1. Le mot décisif : ilâh
Tout repose sur un mot, et sur une erreur de traduction qui a stérilisé la compréhension de générations entières. On traduit couramment : il n'y a pas de dieu sauf Allah — et le lecteur comprend : il n'existe qu'un seul créateur. Compris ainsi, la phrase est une information cosmologique — vraie, mais que presque personne ne conteste, et qui n'engage à rien. Or ilâh (إله), en arabe, ne signifie pas d'abord « créateur » : le mot désigne l'adoré — ma'lûh, celui vers qui les cœurs se tournent avec amour, crainte, espoir, soumission ; celui qu'on invoque, qu'on implore, pour qui l'on sacrifie, devant qui l'on s'incline. Ibn Taymiyya et Ibn al-Qayyim l'ont dit avec la précision des grammairiens :
قَالَ ابْنُ الْقَيِّمِ رَحِمَهُ اللَّهُ: «الْإِلَهُ هُوَ الَّذِي تَأْلَهُهُ الْقُلُوبُ مَحَبَّةً وَإِجْلَالًا وَإِنَابَةً وَإِكْرَامًا وَتَعْظِيمًا وَذُلًّا وَخُضُوعًا وَخَوْفًا وَرَجَاءً وَتَوَكُّلًا».

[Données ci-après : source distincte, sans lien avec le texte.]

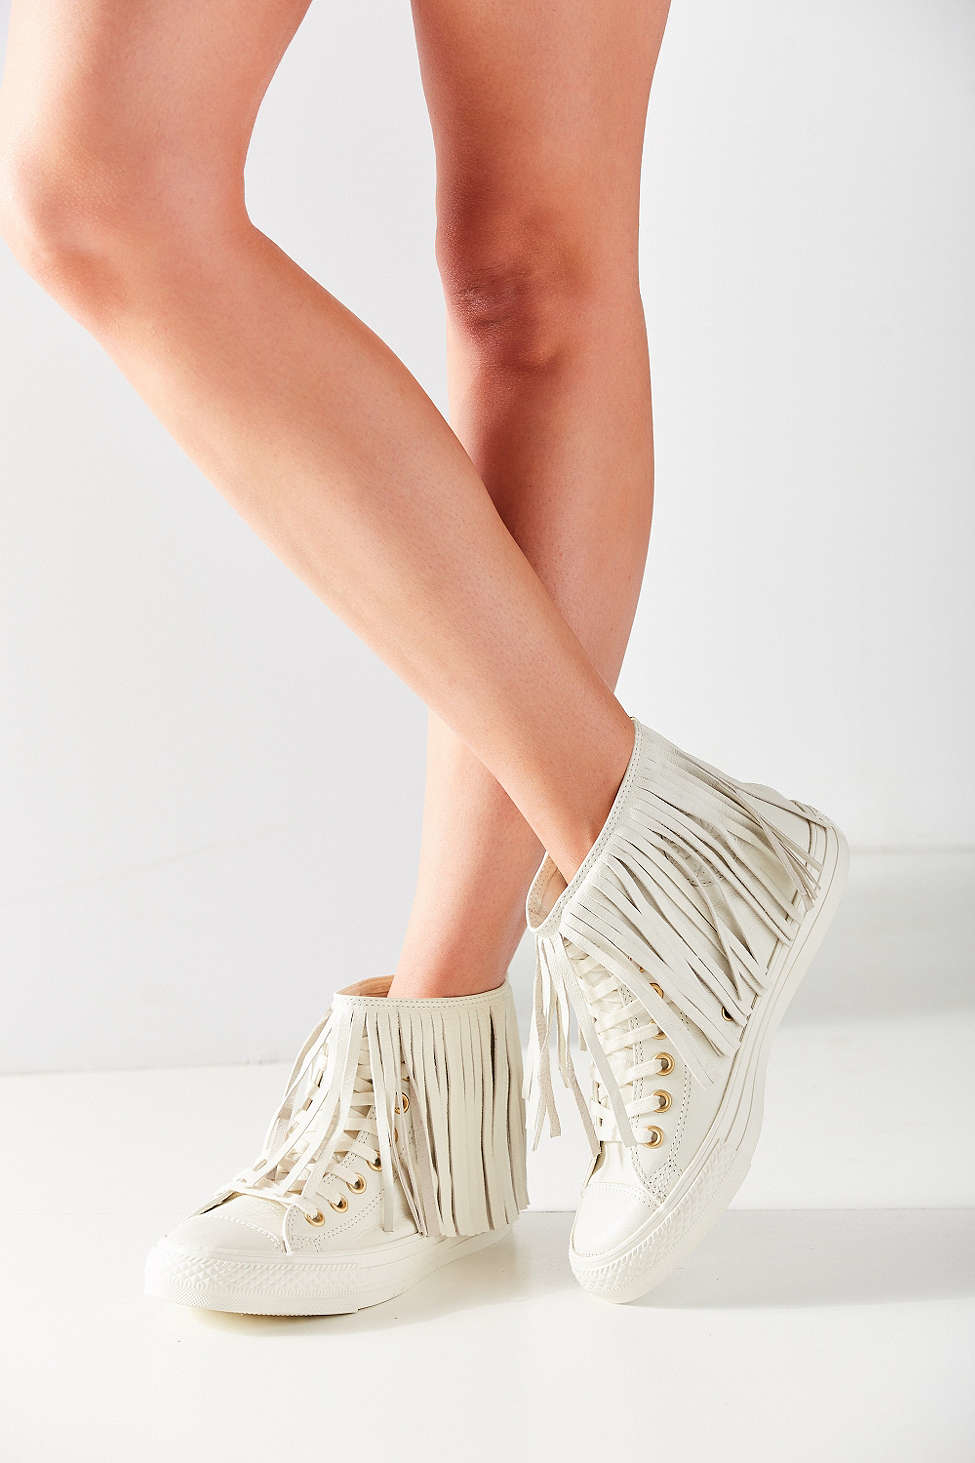 Converse Chuck Taylor All Star Fringe Sneaker in Natural | Lyst

Ibn al-Qayyim : « L'ilâh est celui vers qui les cœurs se tournent avec amour, vénération, retour, honneur, magnification, humilité, soumission, crainte, espoir et confiance. »
Ibn al-Qayyim, Madârij as-sâlikîn (station de la shahâda / de l'adoration). Ibn Taymiyya, dans le même sens : « L'ilâh est l'adoré-obéi » (al-ma'bûd al-mutâ') — Majmû' al-fatâwâ.
La phrase ne dit donc pas seulement « un seul Créateur existe » : elle dit nul ne mérite d'être adoré — invoqué, imploré, servi, craint et aimé souverainement — en dehors d'Allah. Ce n'est plus une information : c'est une révolution — car des « adorés » en dehors d'Allah, le monde en déborde, hier comme aujourd'hui ; la phrase les destitue tous d'un seul souffle.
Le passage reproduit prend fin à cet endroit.